Bacterial community structure and functional contributions to emergence of health or necrotizing enterocolitis in preterm infants

Erika C Claud; Kevin P Keegan; Jennifer M Brulc; Lei Lu; Daniela Bartels; Elizabeth Glass; Eugene B Chang; Folker Meyer; Dionysios A Antonopoulos

doi:10.1186/2049-2618-1-20

Bacterial community structure and functional contributions to emergence of health or necrotizing enterocolitis in preterm infants

Microbiome. 2013 Jul 10;1(1):20. doi: 10.1186/2049-2618-1-20.

Authors

Erika C Claud¹, Kevin P Keegan, Jennifer M Brulc, Lei Lu, Daniela Bartels, Elizabeth Glass, Eugene B Chang, Folker Meyer, Dionysios A Antonopoulos

Affiliation

¹ Section of Neonatology, Department of Pediatrics, The University of Chicago, Chicago, IL, USA. eclaud@peds.bsd.uchicago.edu.

Abstract

Background: Preterm infants represent a unique patient population that is born functionally immature and must accomplish development under the influence of a hospital environment. Neonatal necrotizing enterocolitis (NEC) is an inflammatory intestinal disorder affecting preterm infants. The purpose of this study was to evaluate the progression of intestinal microbiota community development between preterm infants who remained healthy compared to preterm infants who developed NEC.

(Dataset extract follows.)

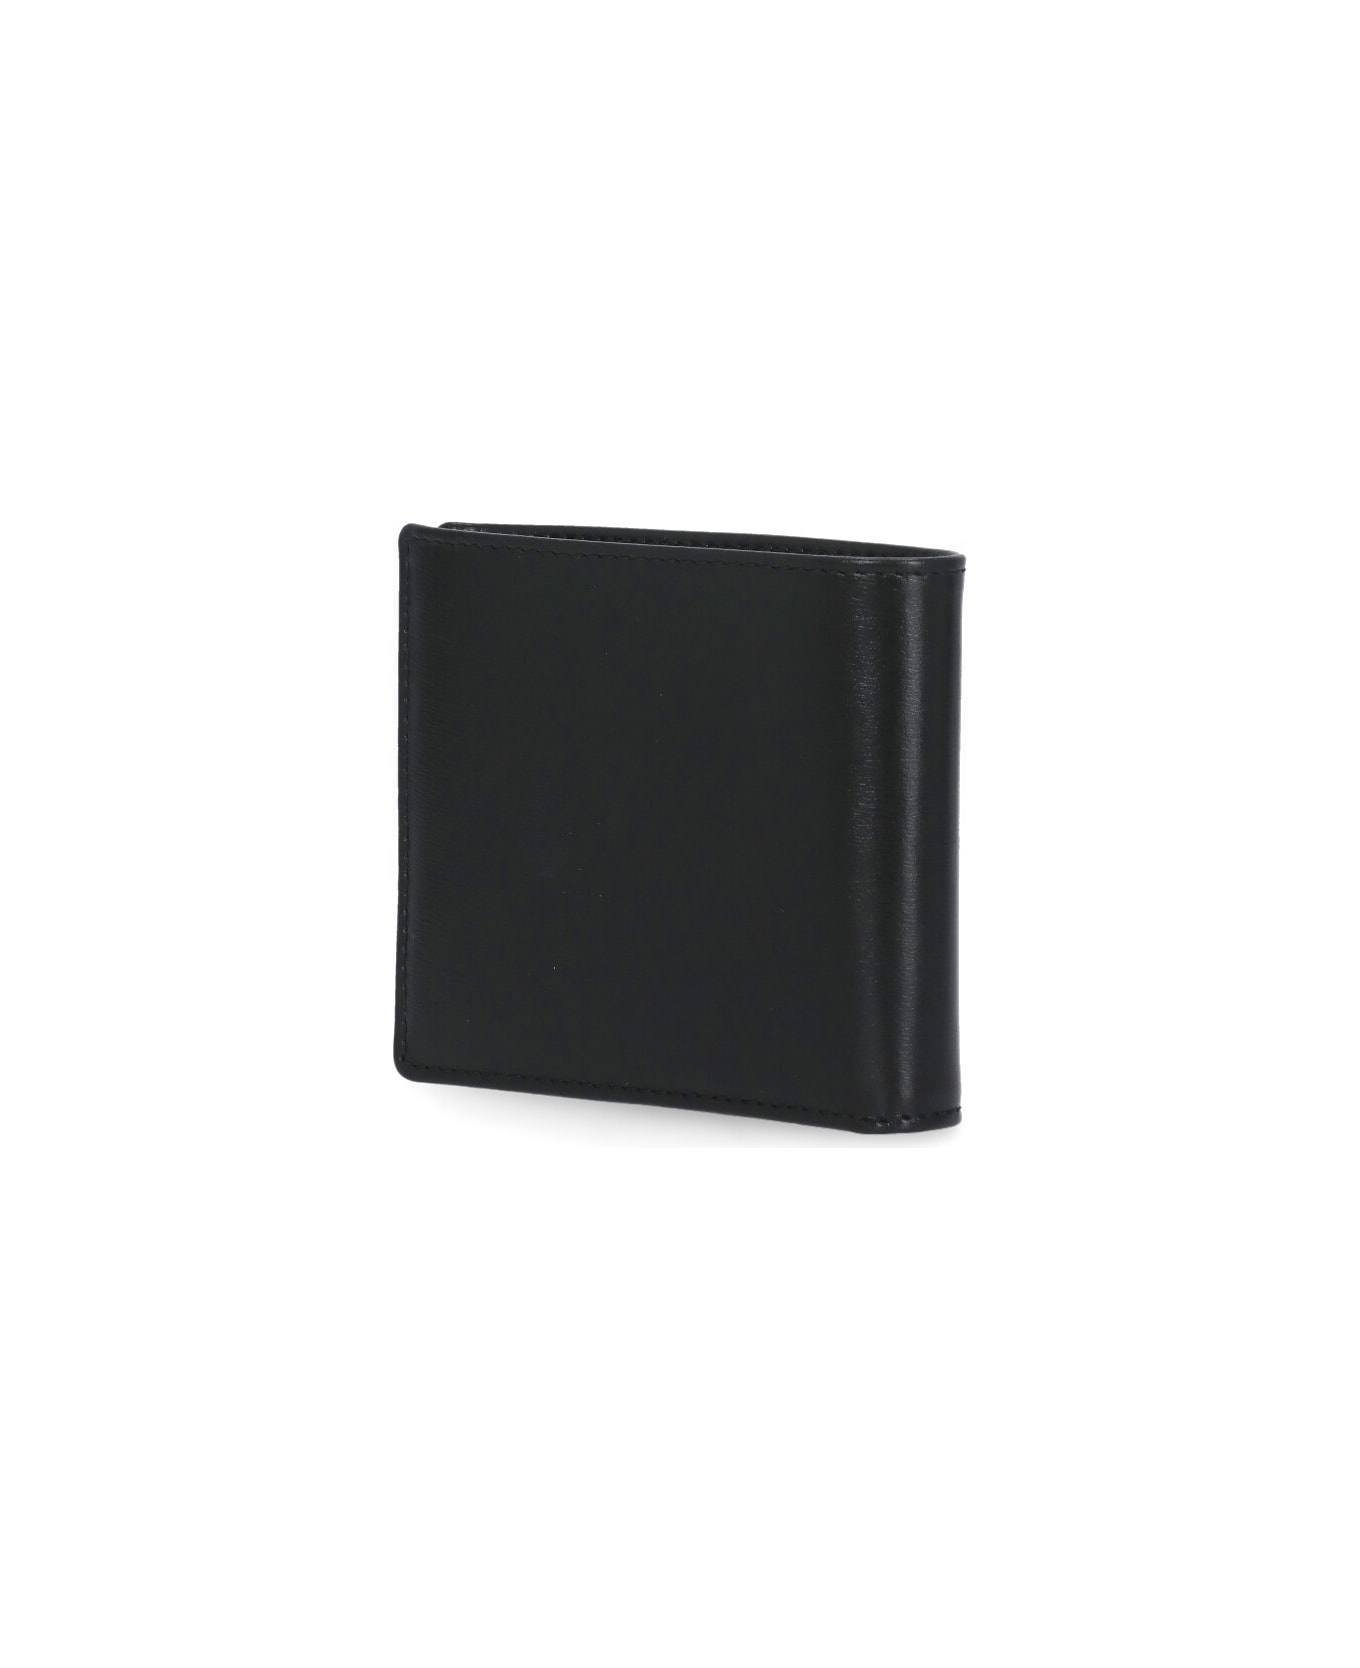 Tod's T Timeless Wallet - Black

Results: Weekly fecal samples from ten preterm infants, five with NEC and five matched healthy controls were obtained. Bacterial DNA from individual fecal samples was subjected to sequencing of 16S rRNA-based inventories using the 454 GS-FLX platform. Fecal samples from control infants demonstrated a temporal pattern in their microbiota, which converged toward that of a healthy full term breast-fed infant. Microbiota development in NEC patients diverged from controls beginning three weeks prior to diagnosis. Shotgun metagenomic sequencing was performed to identify functional differences in the respective microbiota of fecal samples from a set of twins in which one twin developed NEC and one did not. The majority of the differentially abundant genes in the NEC patient were associated with carbohydrate metabolism and mapped to members of the family Enterobacteriaceae. This may indicate an adaptation of the community to an altered profile of substrate availability for specific members as a first step towards the development of NEC. We propose that the microbial communities as a whole may metabolize milk differently, resulting in differential substrate availability for specific microbial groups. Additional differentially represented gene sets of interest were related to antibiotic resistance and vitamin biosynthesis.

Conclusions: Our results suggest that there is a temporal component to microbiome development in healthy preterm infants. Thus, bacteriotherapy for the treatment or prevention of NEC must consider this temporal component of the microbial community in addition to its taxonomic composition and functional content.